▶ INFORMATION SUPPLIED
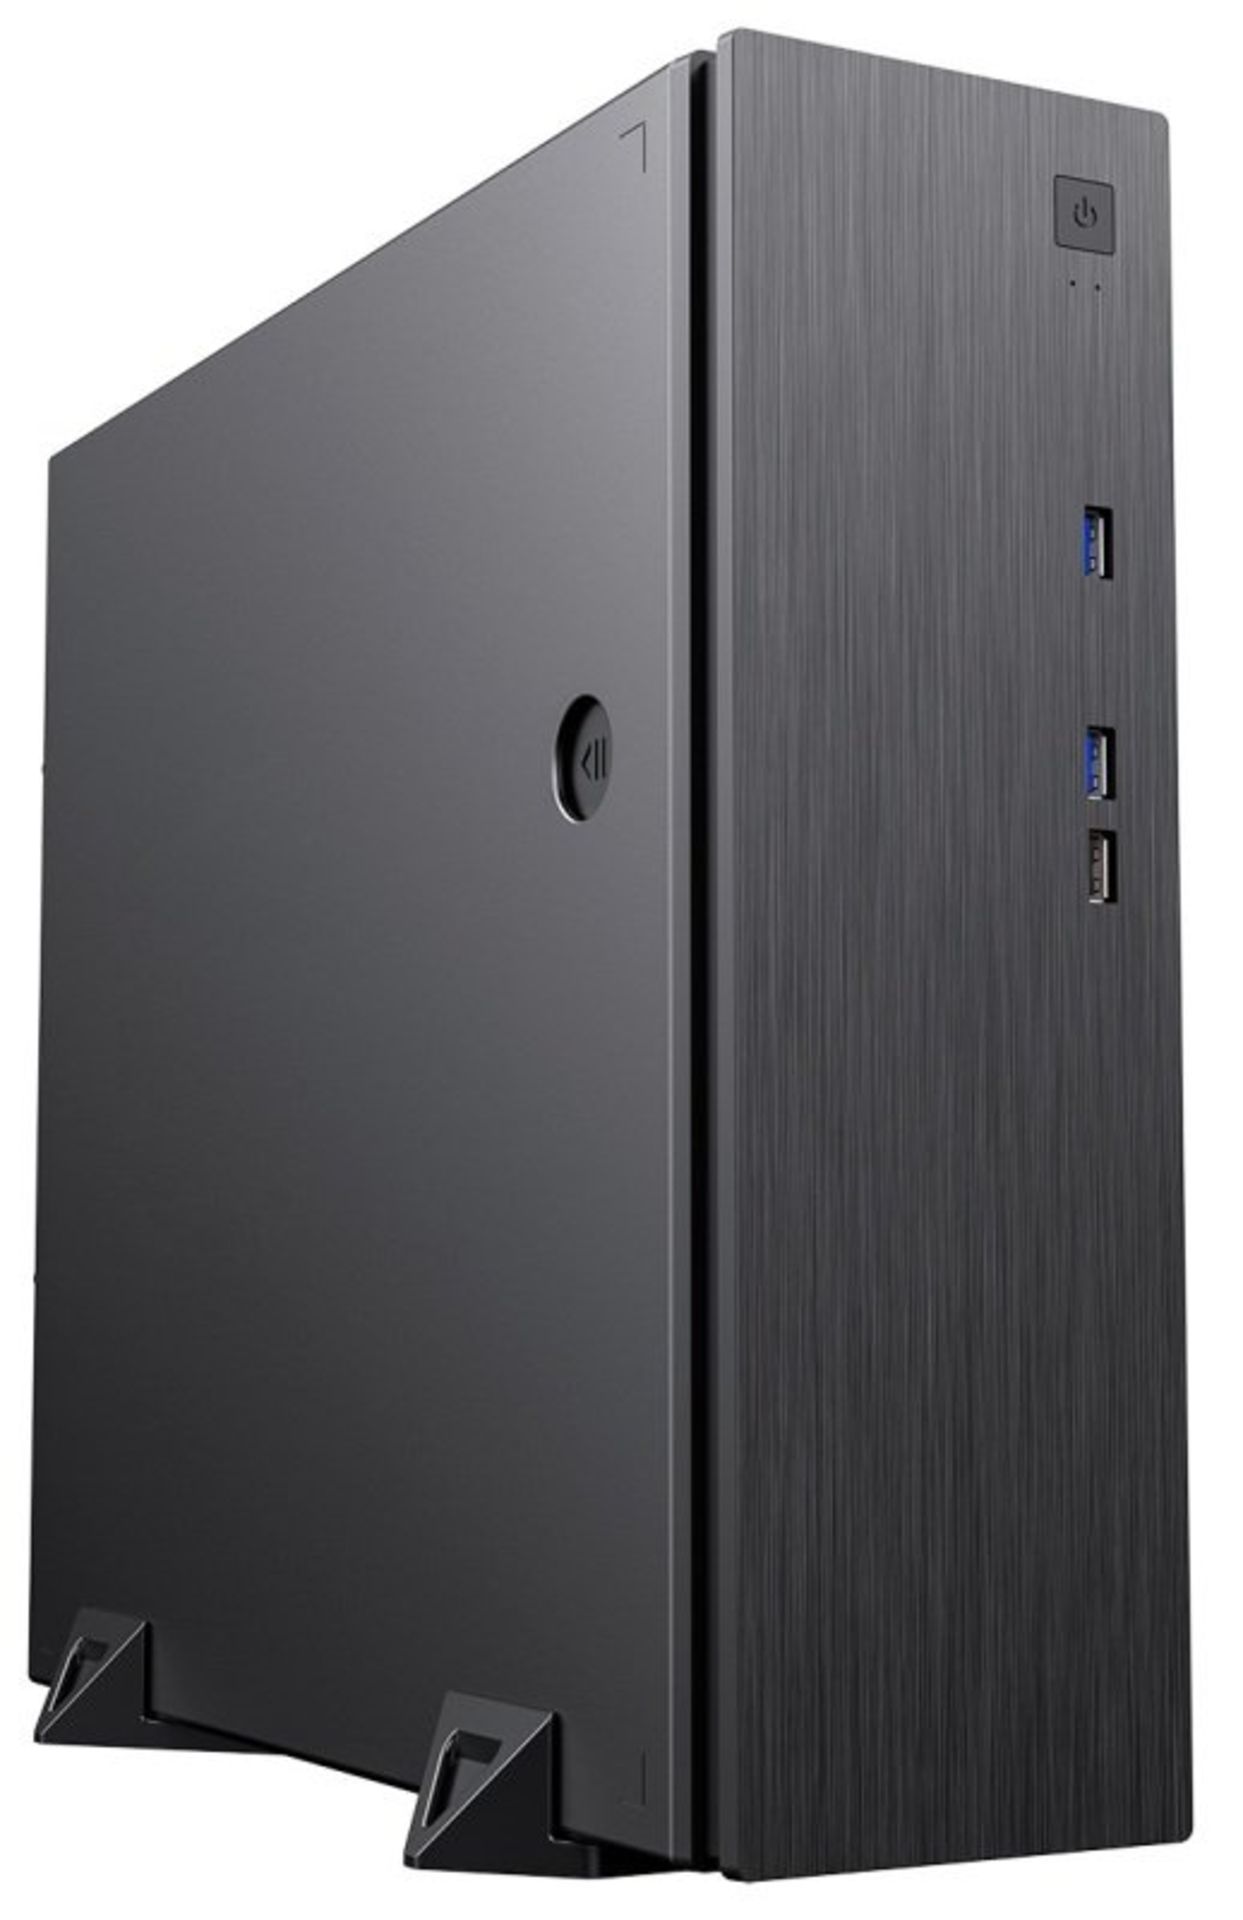 3x NEW & BOXED CIT S506 Micro ATX Desktop Case - BLACK. RRP £44.99 EACH. (PCK). The CiT S506 slim
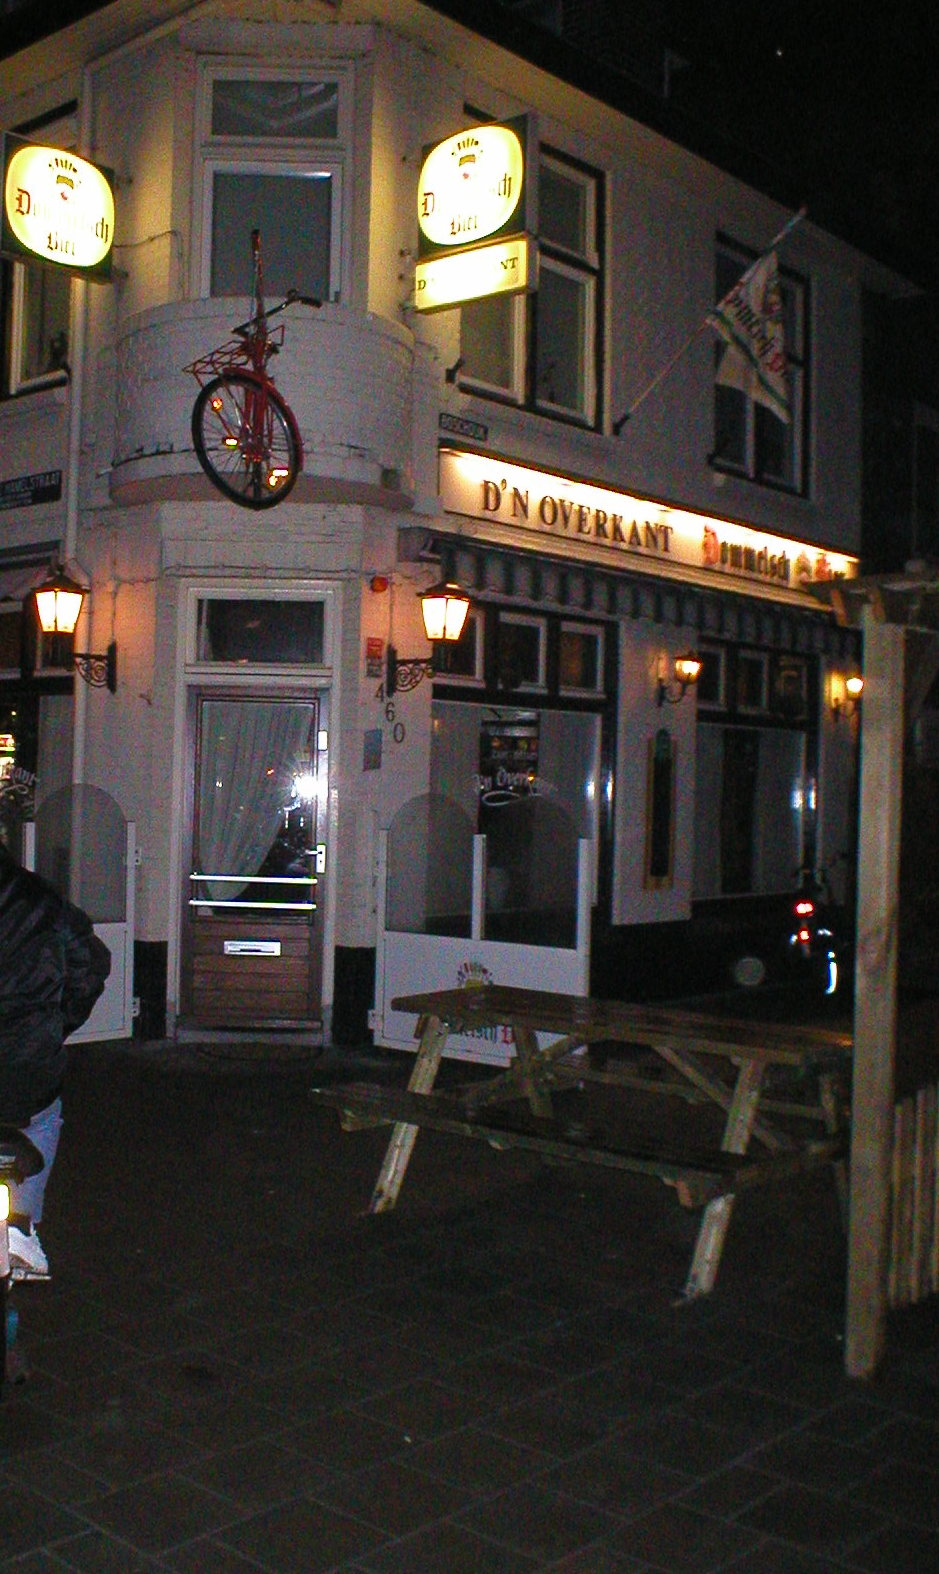 Café D'n Overkant in 2003
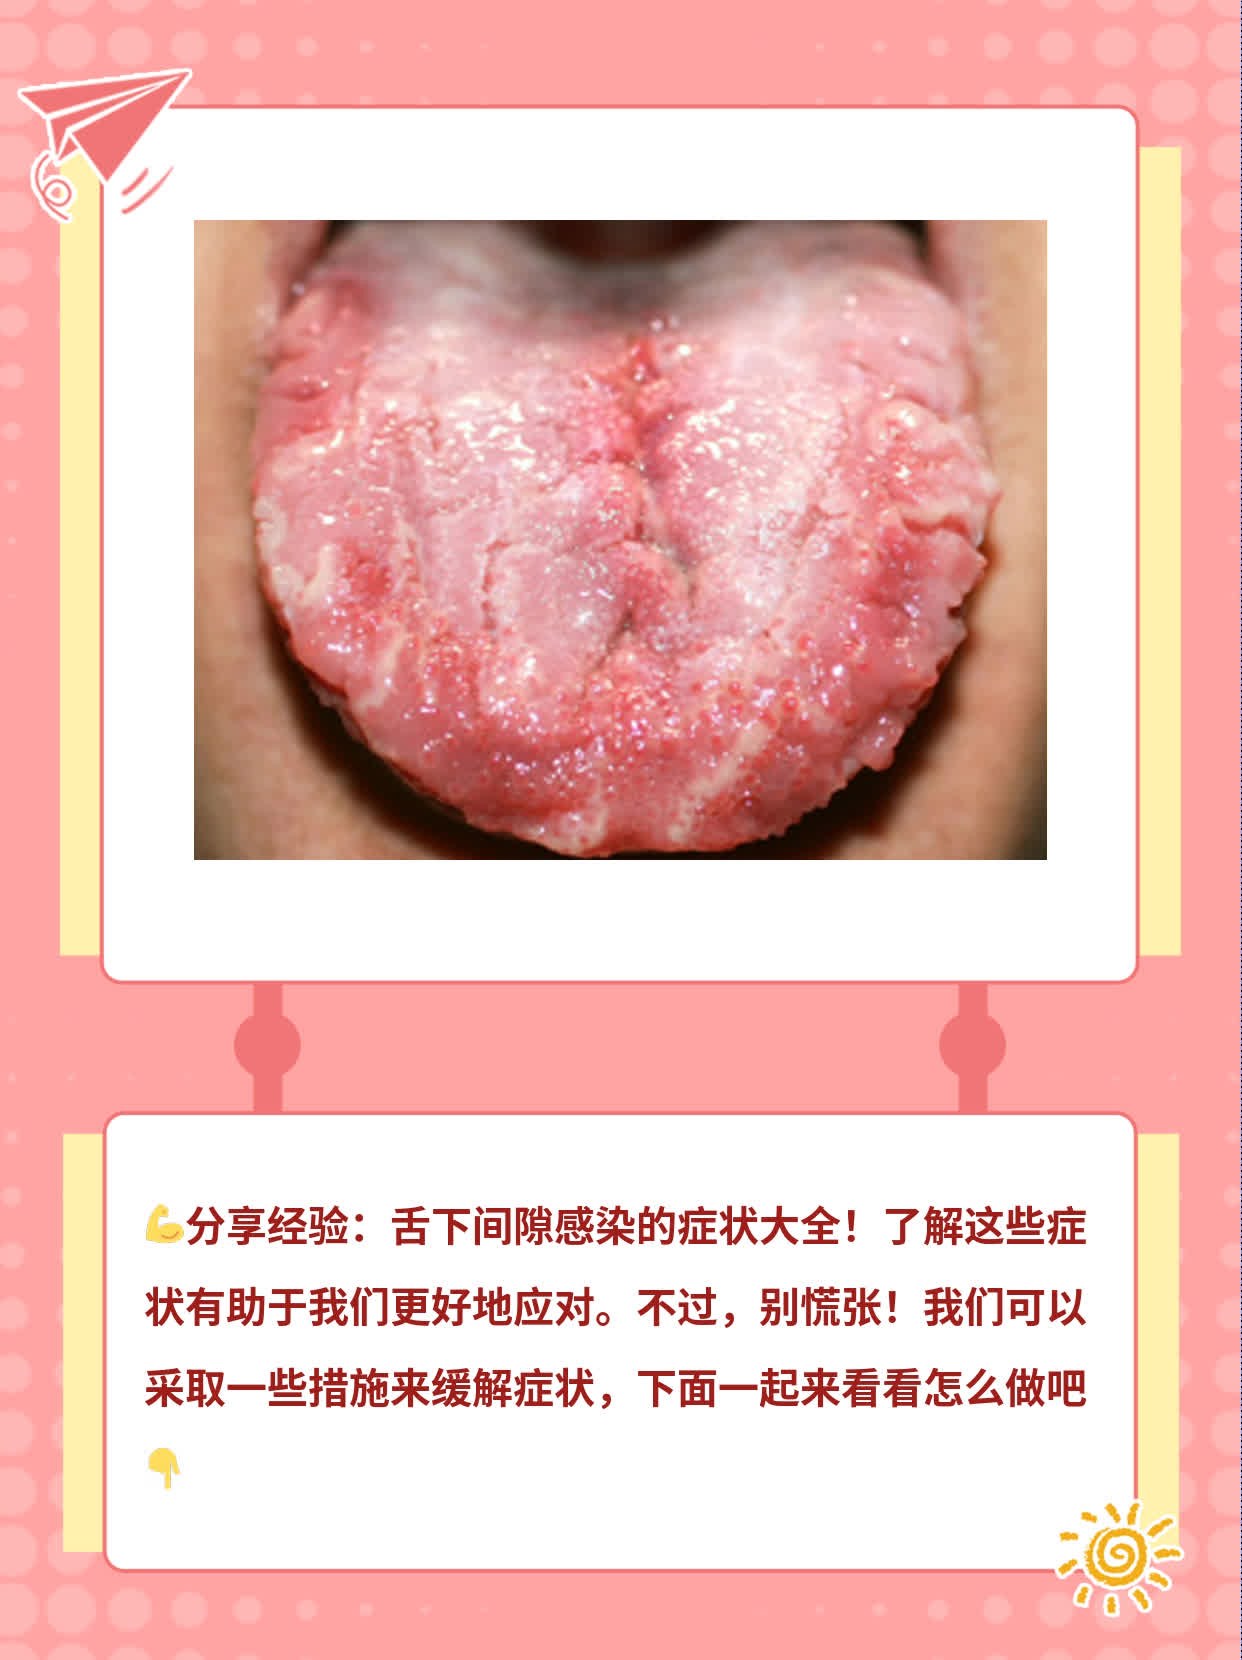 「分享经验」舌下间隙感染的症状大全
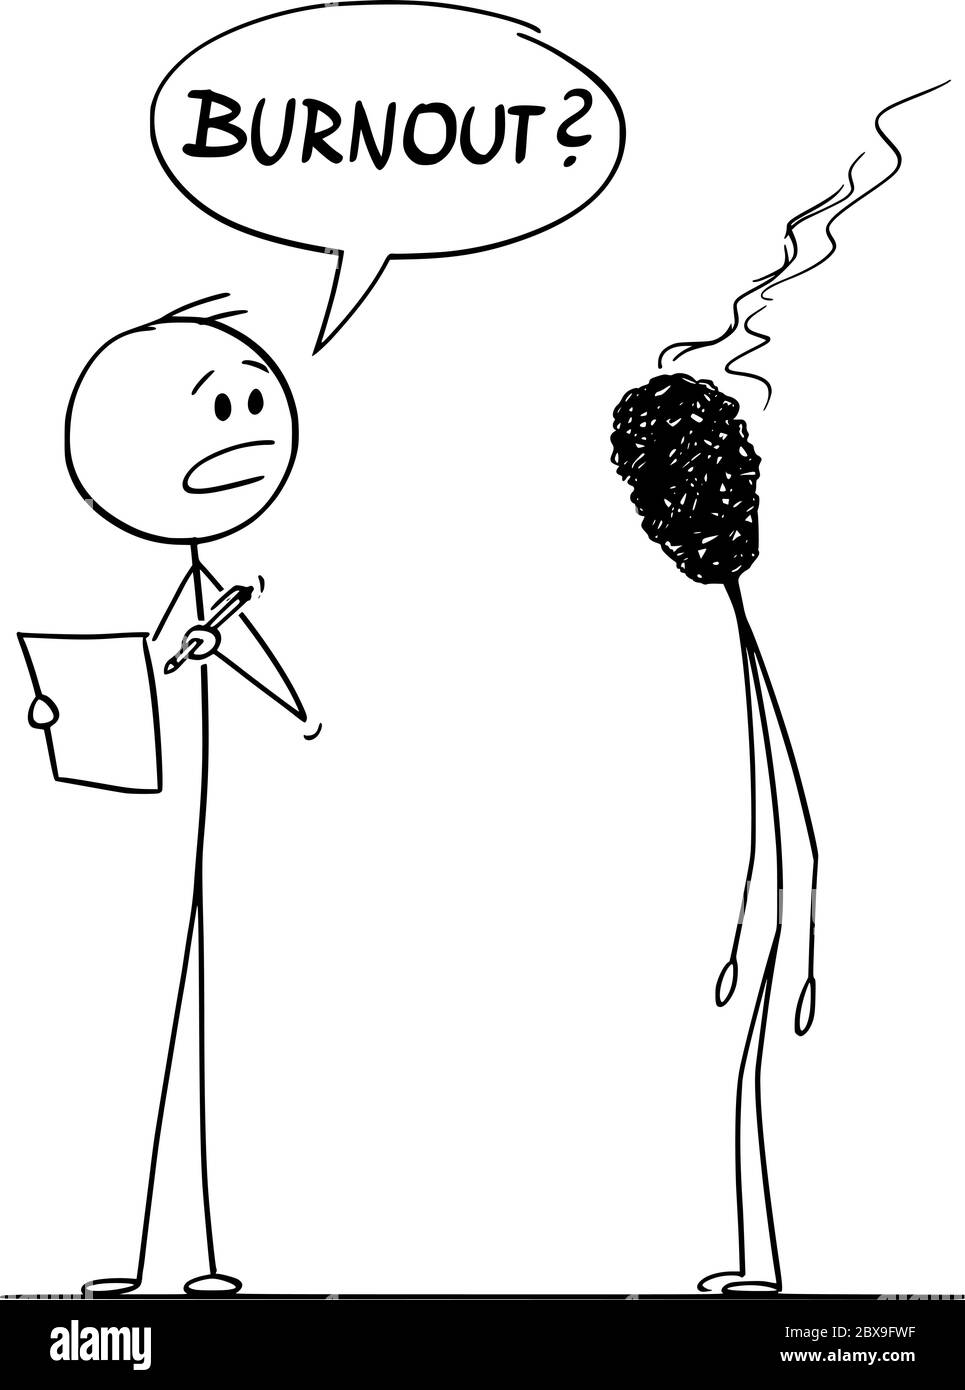 Vektor Cartoon Stick Figur Zeichnung konzeptionelle Illustration von Burnout, müde und gestresst Mann oder Geschäftsmann als ausgebrannten Spiel dargestellt, im Gespräch mit seinem Chef oder Manager. Stock Vektor

▶ TASK OBJECTIVE
Return all material verbatim, pictures omitted.

▶ EXERCISE RESPONSE
 3x NEW & BOXED CIT S506 Micro ATX Desktop Case - BLACK. RRP £44.99 EACH. (PCK). The CiT S506 slim
 Café D'n Overkant in 2003
 「分享经验」舌下间隙感染的症状大全
 Vektor Cartoon Stick Figur Zeichnung konzeptionelle Illustration von Burnout, müde und gestresst Mann oder Geschäftsmann als ausgebrannten Spiel dargestellt, im Gespräch mit seinem Chef oder Manager. Stock Vektor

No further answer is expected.